Aim for an exact copy of the listing, without any images.

*** SUPPLIED INFORMATION

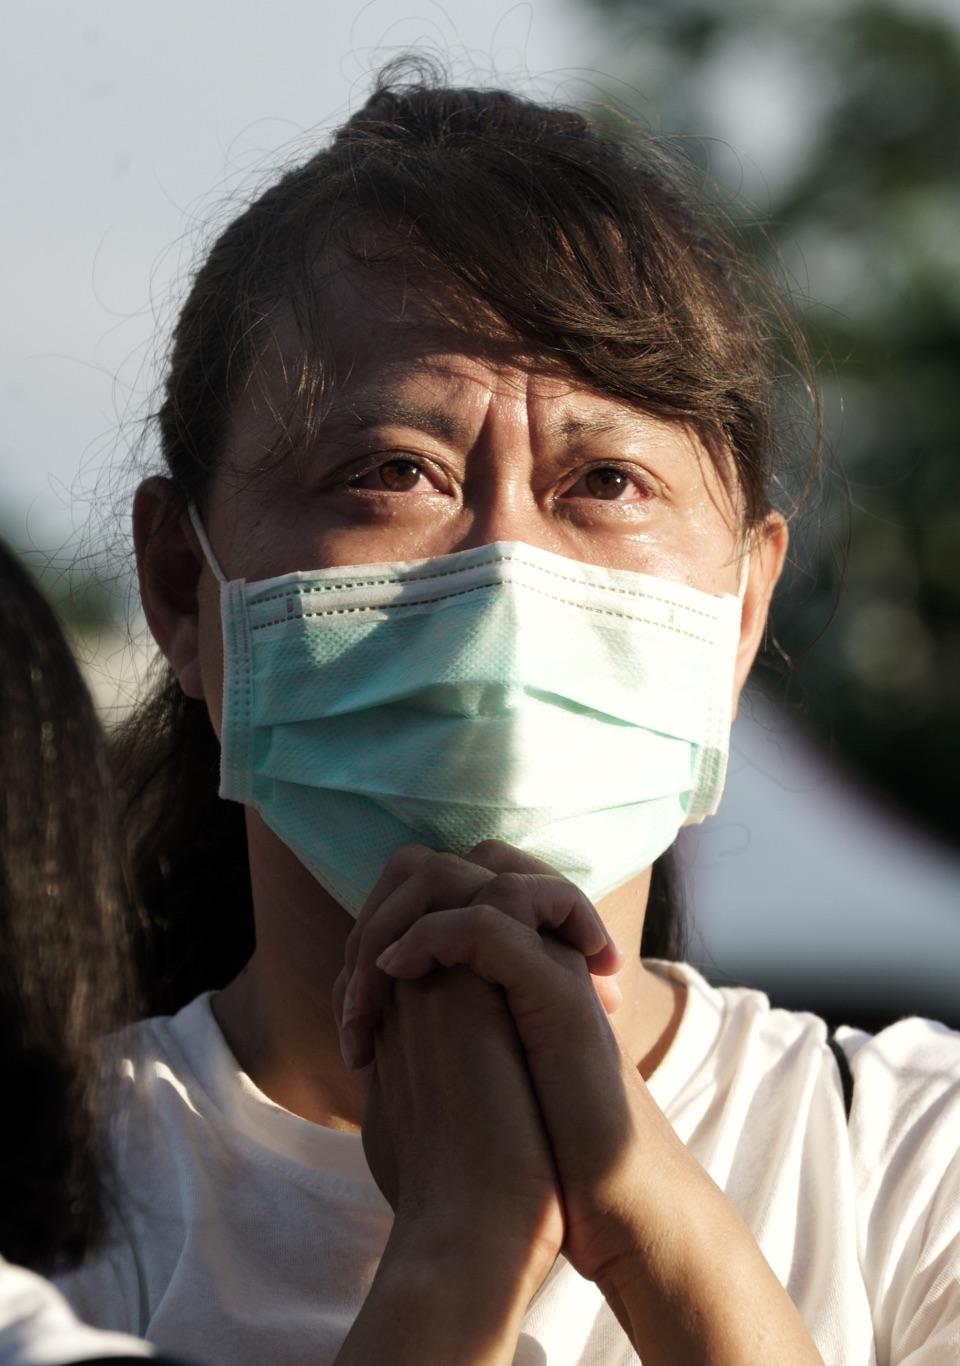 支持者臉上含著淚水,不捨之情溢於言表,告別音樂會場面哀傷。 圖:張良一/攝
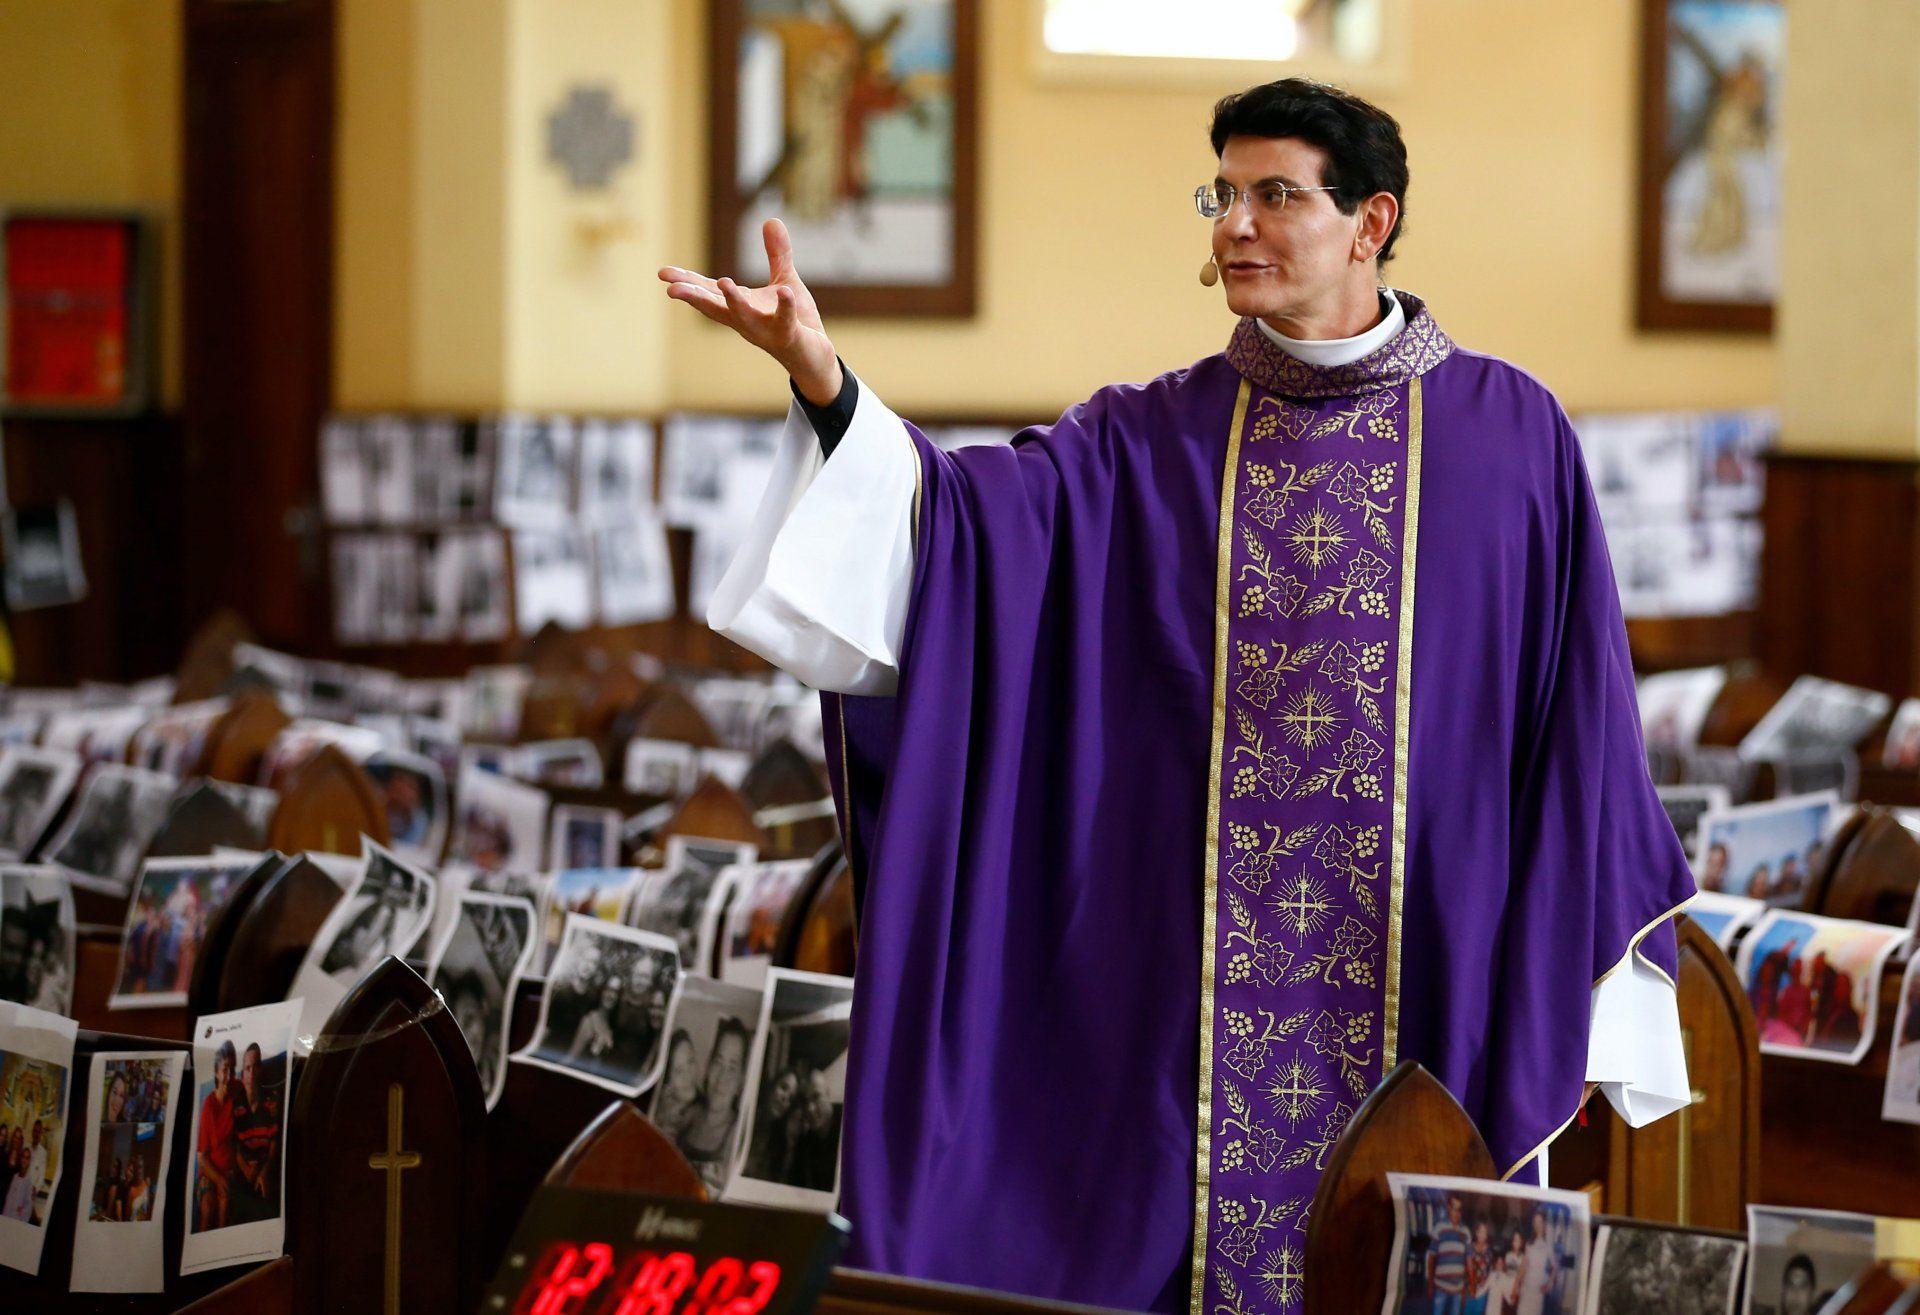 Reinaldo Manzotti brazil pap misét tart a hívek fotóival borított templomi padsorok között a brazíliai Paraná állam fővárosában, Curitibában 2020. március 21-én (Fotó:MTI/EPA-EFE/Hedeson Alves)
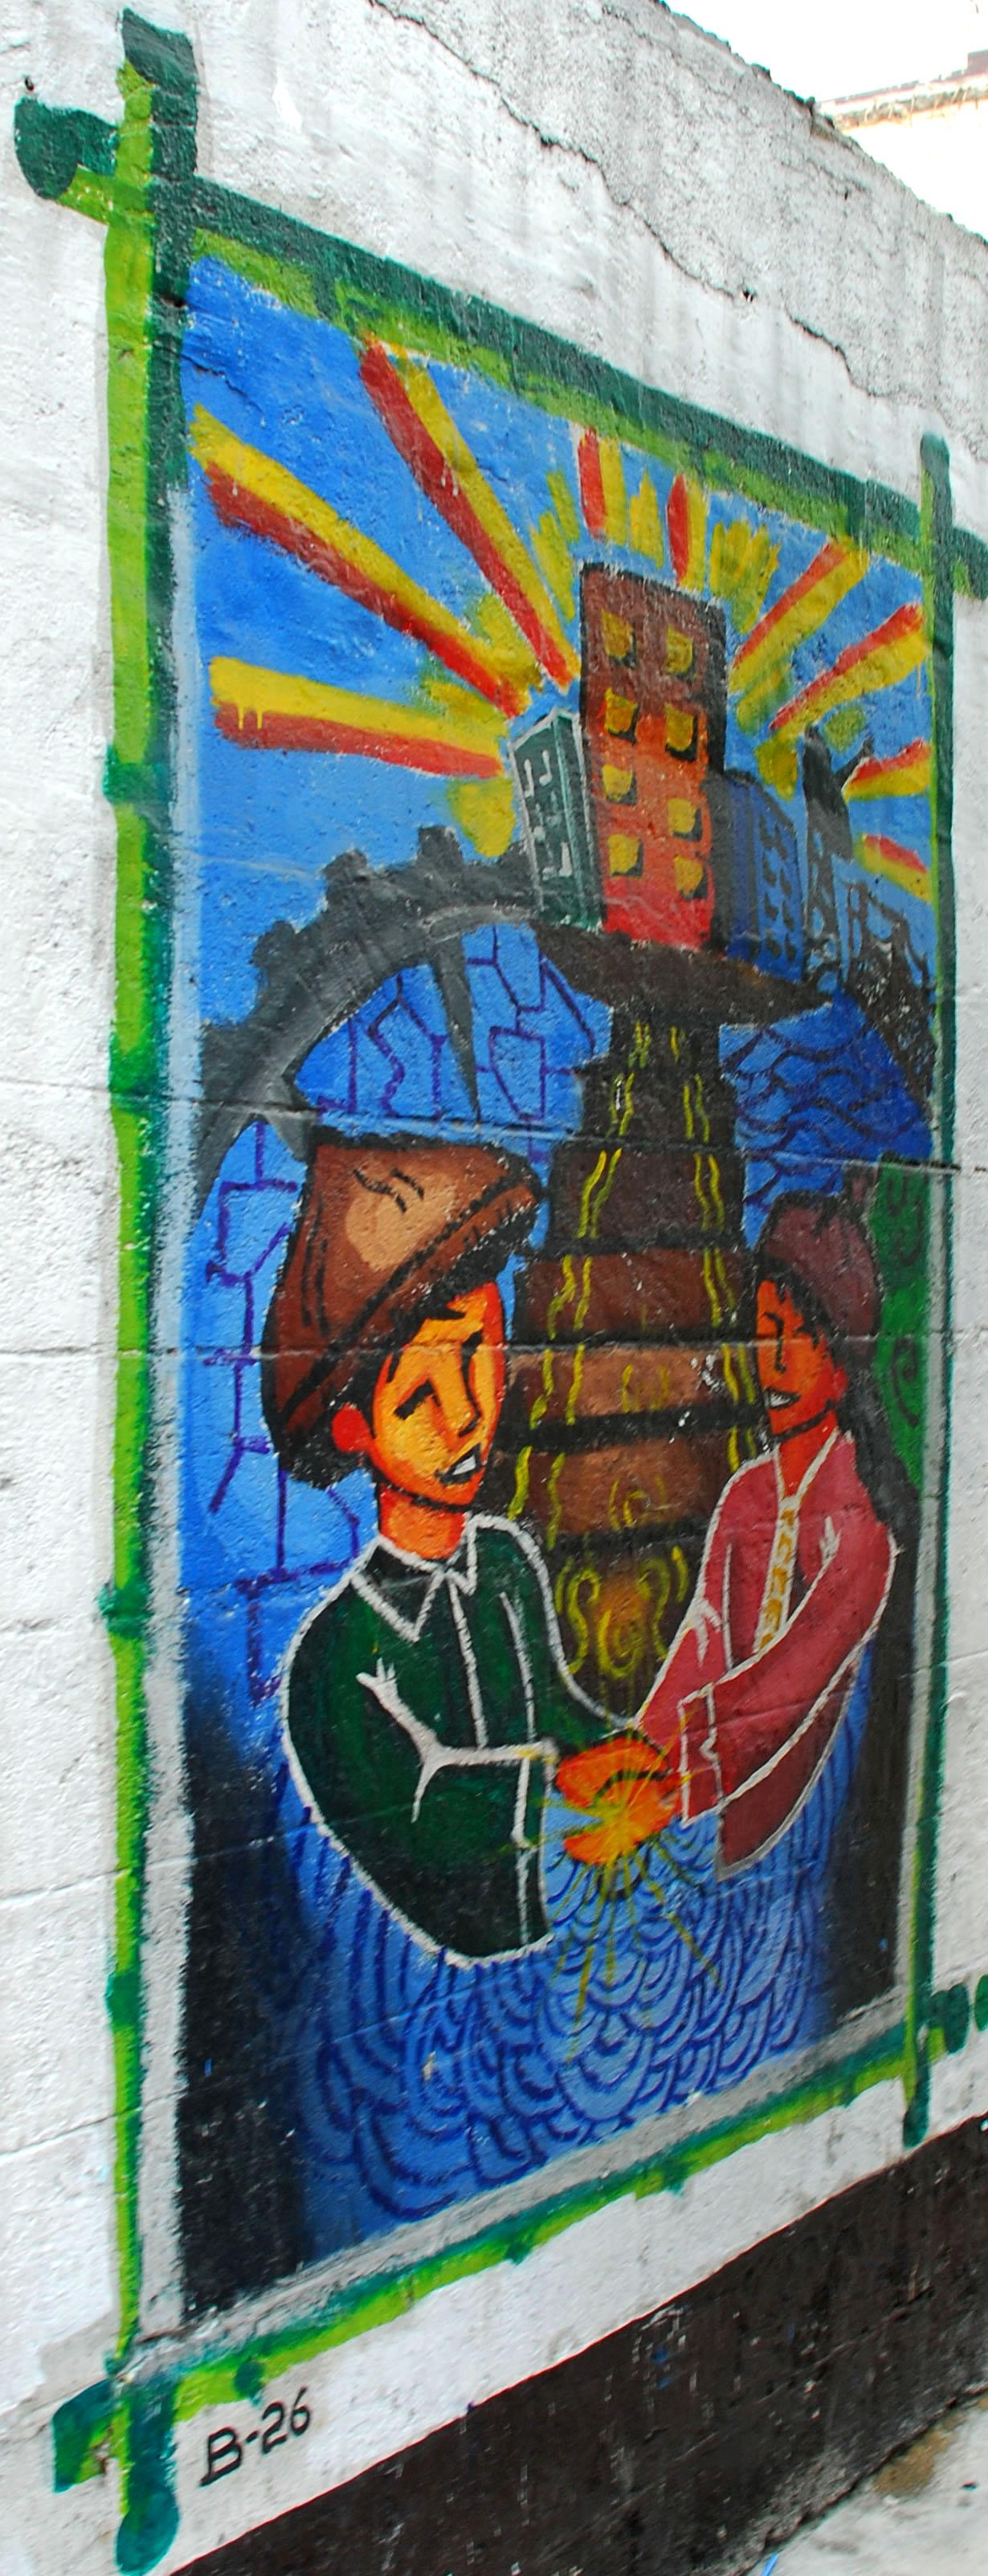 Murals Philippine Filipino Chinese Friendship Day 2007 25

******

◆ **TASK RESULT**:
 支持者臉上含著淚水,不捨之情溢於言表,告別音樂會場面哀傷。 圖:張良一/攝
 Reinaldo Manzotti brazil pap misét tart a hívek fotóival borított templomi padsorok között a brazíliai Paraná állam fővárosában, Curitibában 2020. március 21-én (Fotó:MTI/EPA-EFE/Hedeson Alves)
 Murals Philippine Filipino Chinese Friendship Day 2007 25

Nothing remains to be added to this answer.